# What would you be?



## Pyromanic Tendencies (Mar 20, 2007)

If you where in the 40k universe, who or what would you be? 
An Inquisitor? A conscript? A space marine? A god of the Warp? An astropath? A Random Imperial Citizen? You could be anything you want, but it has to be from 40k.

Personally, I'd be the Govenor of a medium seized Imperial planet. Smaller than a sprawling Hive World were everyone hates you and are likely to rebel, but bigger than a random back-water planet so small it's bound to be attacked and overun at some point and is also so small no-one cares *coughTanithcough* 

That or an Inquisitor. 'Cos that would kick ass.:king:


----------



## Words_of_Truth (Sep 20, 2007)

I'd like to be a space marine but i guess that wouldn't happen, so i'd have to settle for an arbiter.


----------



## QuietEarth (Aug 18, 2007)

I would probably want to be a Thunderbolt pilot. I would love to fly and the Thunderbolts look awesome.


----------



## Jezlad (Oct 14, 2006)

I'd be a Necromundan Hive Ganger. 

Not a gang leader. Just a regular punk - drinking and fighting. No work, just a good time.

:aggressive:


----------



## torealis (Dec 27, 2006)

im with jez, its most likely the most fun thing to be in the universe. maybe a heavy..

or a rogue trader...


----------



## Dirge Eterna (Apr 30, 2007)

Chaos Marine. Because your armor slowly becomes a living being.
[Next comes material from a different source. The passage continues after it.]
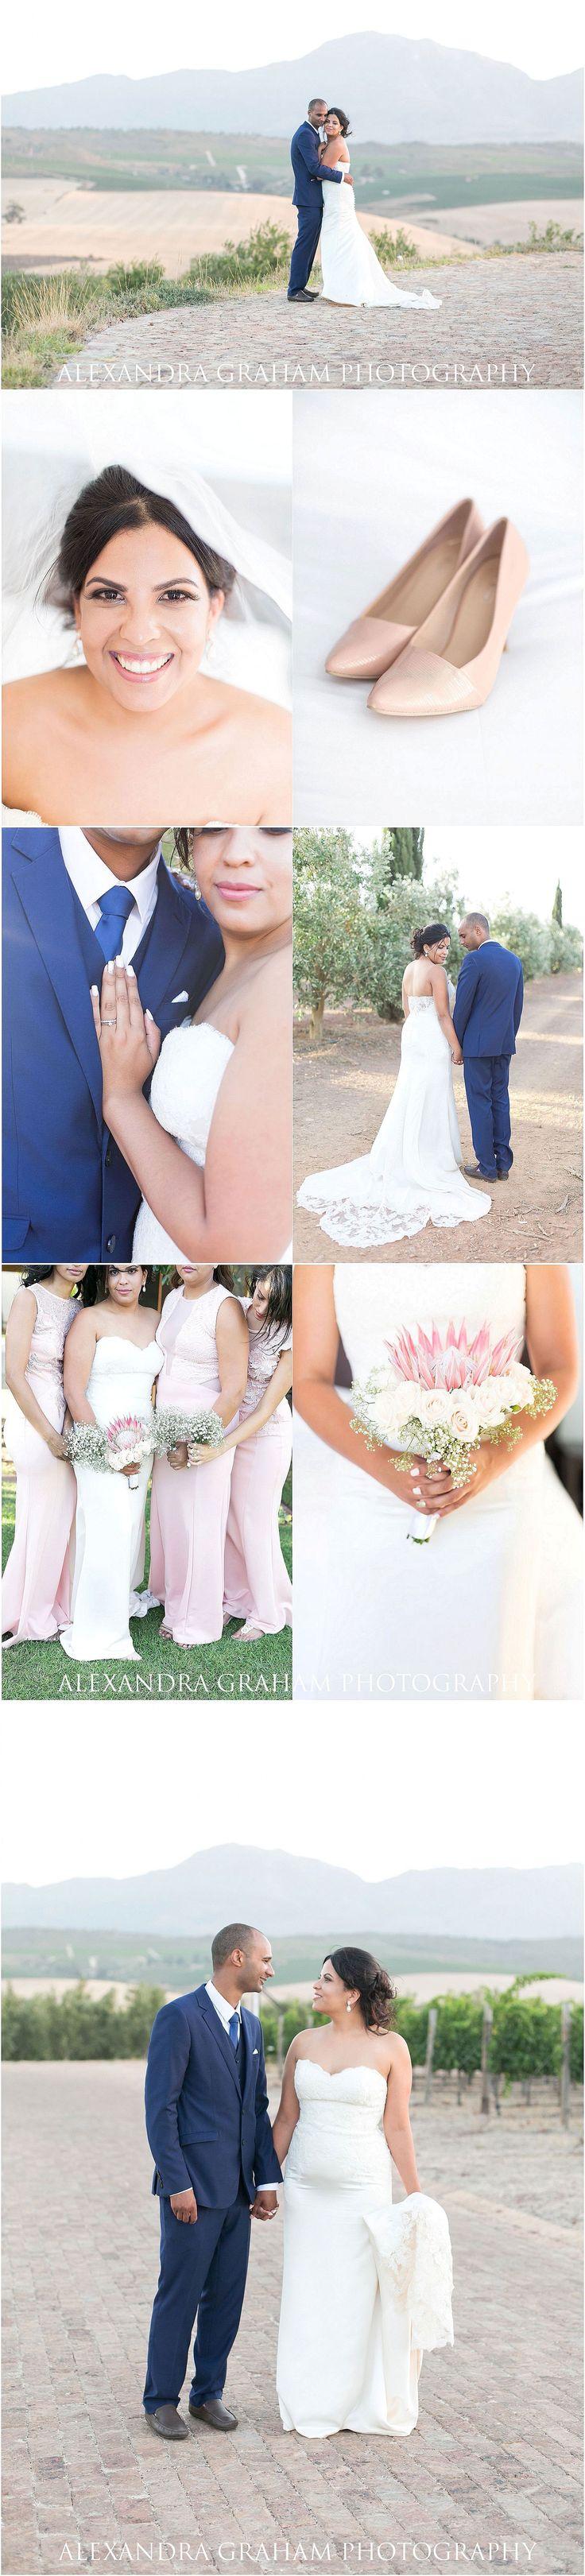 Soft pastel pink wedding - protea and rose bouquet - mountain wedding - Alexandra Graham Photography

Or one of my Kytharin. Because they kick serious ass. I think my least favorite would have to be an Arco-flagellent, Chaos dread, or DE captive. 

-Dirge


----------



## Wrath of Khaine (Dec 29, 2006)

Definitely a Farseer. To see the strands of fate and be able to alter paths would amazing. Oh, and smiting regiments upon regiments with the strongest psychics in the galaxy without the possession of Chaos helps.


----------



## ACoz (Oct 23, 2007)

I'd be a Necromundan Underhiver... like a Beastmaster Wyrd.

Yeah, that'd make sense.


----------



## Stella Cadente (Dec 25, 2006)

an Imperial Guardsmen Lieutenant.


----------



## Elchimpster (Jan 31, 2007)

A Blood Raven Chapter Librarian.
"Knowledge is Power"


----------



## Dirge Eterna (Apr 30, 2007)

Guard it Well.

-Dirge


----------



## The Wraithlord (Jan 1, 2007)

Tzeentch Daemon Prince.


Like you had to ask :victory:


----------



## Morgal (Sep 26, 2007)

Trader, On side with the imperum get to fly where i like along safe routes maybe occasional interesting bits.
my even be profitable.


----------



## Bloodhound (Feb 8, 2007)

I'd be a librarian. I could read my teachers mind for the answers to an exam.


----------



## asianavatar (Aug 20, 2007)

Defintely be an inquisitor


----------



## Deceiver (Sep 19, 2007)

The Deceiver--trickery and deception is my name. Also to be a Stargod would be cool.


----------



## Jacobite (Jan 26, 2007)

A Xianthite Inquistitor no doubt about it. 

Whats not to like?

- I want to fly a Thunderbolt? I can!
- I want to drive a Tank? I can!
- I want to command a Regiment? I can!
- I want to use Deamons? I can!
- I want to destroy a world? I f**cking can!!!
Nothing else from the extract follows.